Bezahlung und Arbeitsbedingungen von häuslichen Betreuungskräften wurden zuletzt häufiger diskutiert. So auch 2021, nachdem die Pflegerin Dovrina D. gegen ihren bulgarischen Arbeitgeber klagte, weil in ihrem Arbeitsvertrag weniger Stunden vorgesehen waren, als sie tatsächlich arbeitete. Das Urteil des Bundesarbeitsgerichts: Auch in Bereitschaftszeiten bestehe Anspruch auf Mindestlohn.

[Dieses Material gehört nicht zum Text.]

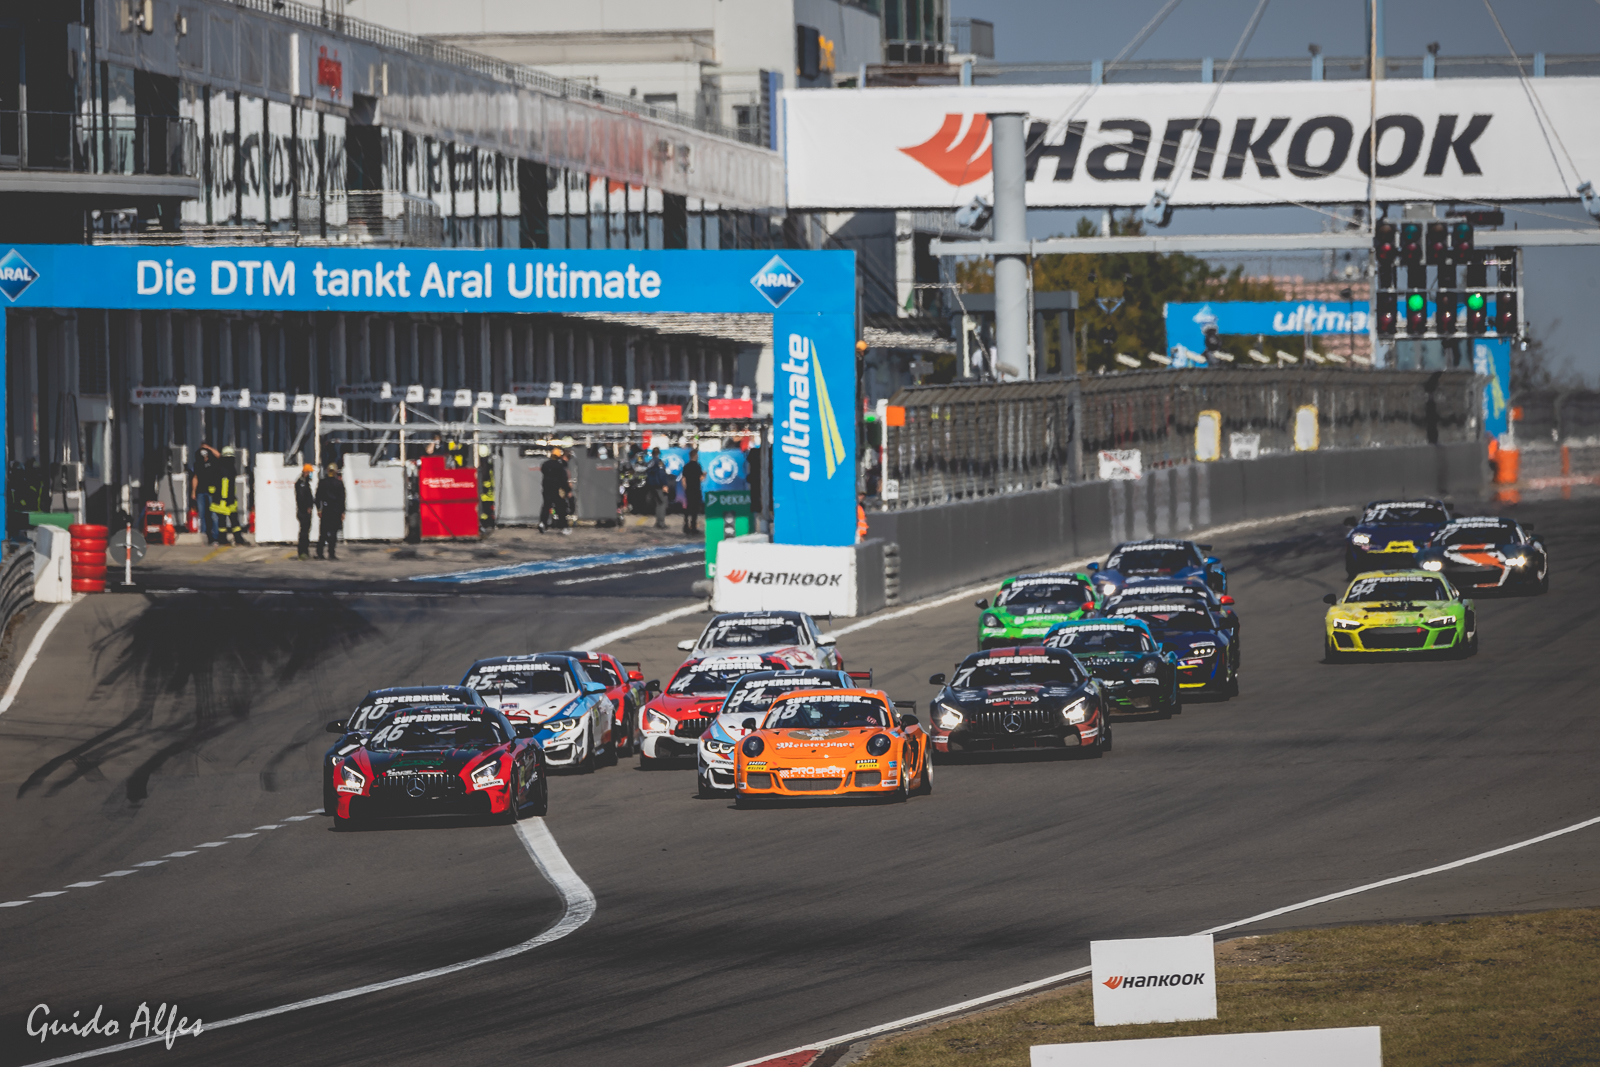 Nachwuchsserie DTM Trophy mit mindestens 21 seriennahen GT-Sportwagen

Die Ampel-Koalition möchte sich diesem Thema annehmen und „eine rechtssichere Grundlage für die 24-Stunden-Betreuung im familiären Bereich“ gestalten, heißt es im Koalitionsvertrag. Der Bundesverband für häusliche Betreuung und Pflege, in dem Agenturen und Dienstleister für ausländische Betreuungskräfte organisiert sind, schlägt ein Modell wie in Österreich vor. Dort sind häusliche Betreuungskräfte selbstständig tätig und so auch sozialversichert. Aber: Vor 24-Stunden-Diensten und Ausbeutung sind sie so noch nicht geschützt. Ein Gespräch über die Arbeitsbedingungen meidet Zuzanna: „Da kannst du nichts machen, wenn dir die Arbeit nicht gefällt, dann musst du was anderes machen.“

Pflege bis zum Lebensende

Bevor Zuzanna zu einer neuen Familie kommt, erfährt sie nichts über die Personen vor Ort. Lediglich wann und wo sie arbeiten wird. Walthers Kinder haben Zuzanna anhand eines Steckbriefs ausgewählt. „Die Betreuerin hat ihren Senioren das Alltagsleben erleichtert“, steht dort. „In der Freizeit arbeitet sie gerne im Garten. Sie interessiert sich auch für Floristik.“ Oben rechts in der Ecke ist ein kleines Foto von ihr: Die kurzen grauen Haare hat sie darauf ordentlich zum Seitenscheitel gekämmt, sie lächelt freundlich.

Die erste Frau, die Zuzanna gepflegt hat, begleitete sie über vier Jahre bis zu deren Tod. Sogar über Weihnachten ist sie einmal geblieben, weil sie sich wohlgefühlt hat. Eine andere Familie hat sie nach zwei Wochen verlassen, weil die Tochter ihres Patienten sie schikaniert habe, erzählt sie.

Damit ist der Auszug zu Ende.